ACCIDENT EN TELETRAVAIL – LA SEULE PAROLE DU SALARIE NE SUFFIT PAS

La Cour d’appel de Rouen a récemment eu à connaître d’une demande de reconnaissance du caractère professionnel d’un accident intervenu en télétravail.

Pour mémoire, l’article L. 411-1 du Code de la Sécurité Sociale prévoit une présomption d’imputabilité d’un accident au travail lorsque celui-ci survient « par le fait ou à l’occasion du travail ». Pour bénéficier de cette présomption, la jurisprudence considère que l’accident doit être survenu au temps et au lieu de travail.

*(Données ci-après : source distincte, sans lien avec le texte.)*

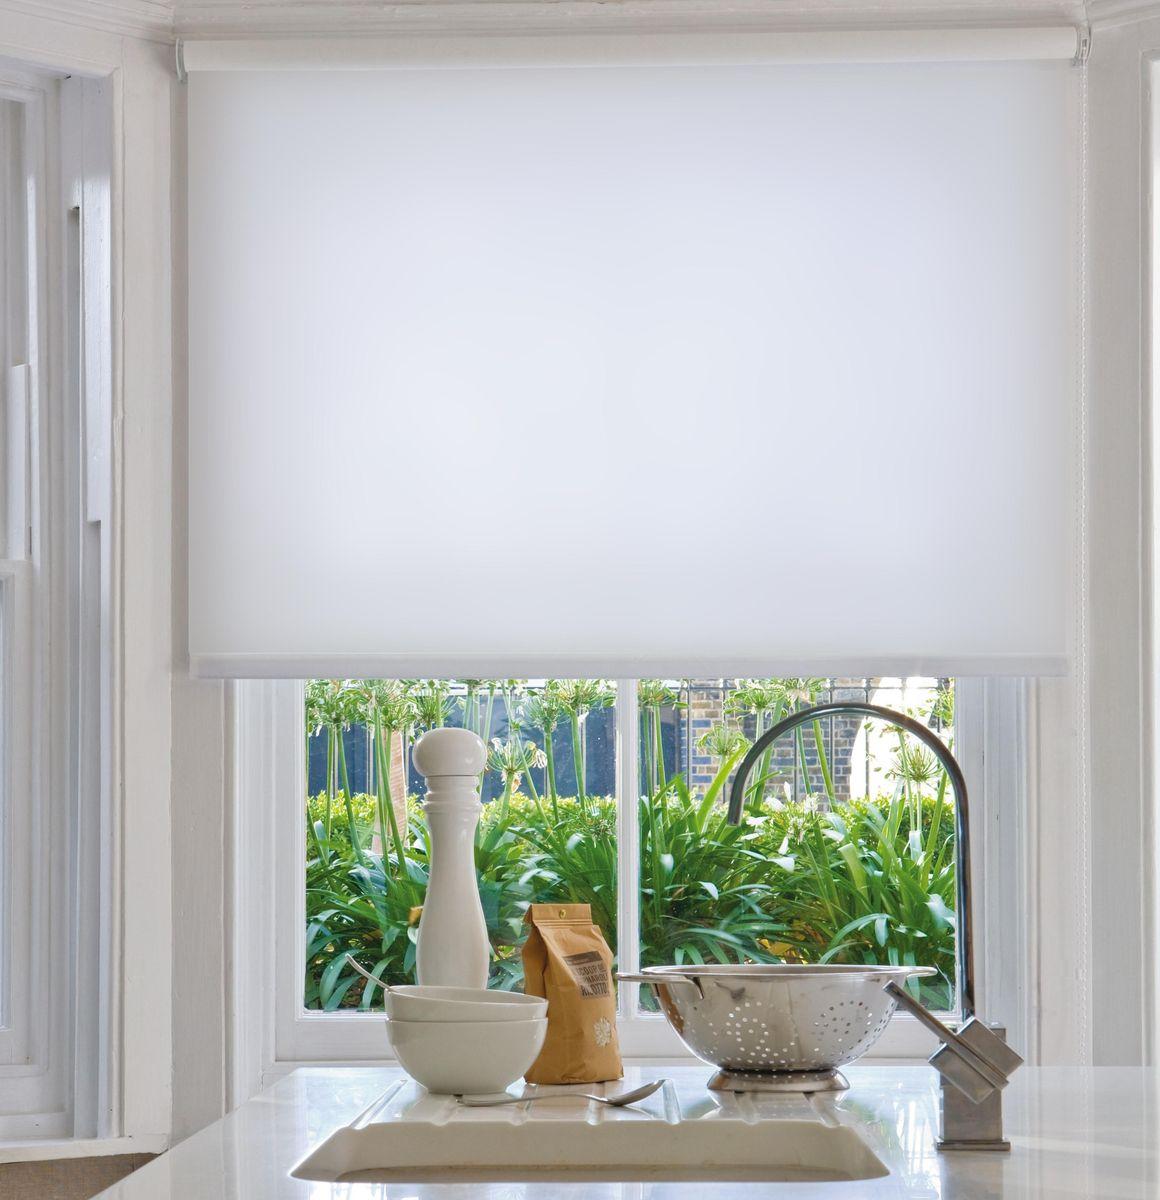 Штора рулонная Эскар, цвет: белый, ширина 140 см, высота 170 см8008140170Рулонными шторами Эскар можно оформлять окна как самостоятельно, так и использовать в комбинации с портьерами. Это поможет предотвратить выгорание дорогой ткани на солнце и соединит функционал рулонных с красотой навесных. Преимущества применения рулонных штор для пластиковых окон: - имеют прекрасный внешний вид: многообразие и фактурность материала изделия отлично смотрятся в любом интерьере;- многофункциональны: есть возможность подобрать шторы способные эффективно защитить комнату от солнца, при этом она не будет слишком темной;- есть возможность осуществить быстрый монтаж.ВНИМАНИЕ! Размеры ширины изделия указаны по ширине ткани! Во время эксплуатации не рекомендуется полностью разматывать рулон, чтобы не оторвать ткань от намоточного вала. В случае загрязнения поверхности ткани, чистку шторы проводят одним из способов, в зависимости от типа загрязнения:легкое поверхностное загрязнение можно удалить при помощи канцелярского ластика;чистка от пыли производится сухим методом при помощи пылесоса с мягкой щеткой-насадкой;для удаления пятна используйте мягкую губку с пенообразующим неагрессивным моющим средством или пятновыводитель на натуральной основе (нельзя применять растворители).

L’article L. 1222-9 du Code du travail précise quant à lui que l’accident survenu sur le lieu où est exercé le télétravail pendant l’exercice de l’activité professionnelle du télétravailleur est présumé être un accident de travail.

FAITS & PROCEDURE

En l’espèce, une salariée en télétravail est retrouvée inanimée dans son bureau par son fils. Une collègue attestait que la victime se reconnectait toujours avant 13h30. La salariée indiquait elle-même qu’elle se trouvait dans la pièce de son logement dédiée au télétravail. Elle sollicitait en conséquence la reconnaissance d’un accident du travail.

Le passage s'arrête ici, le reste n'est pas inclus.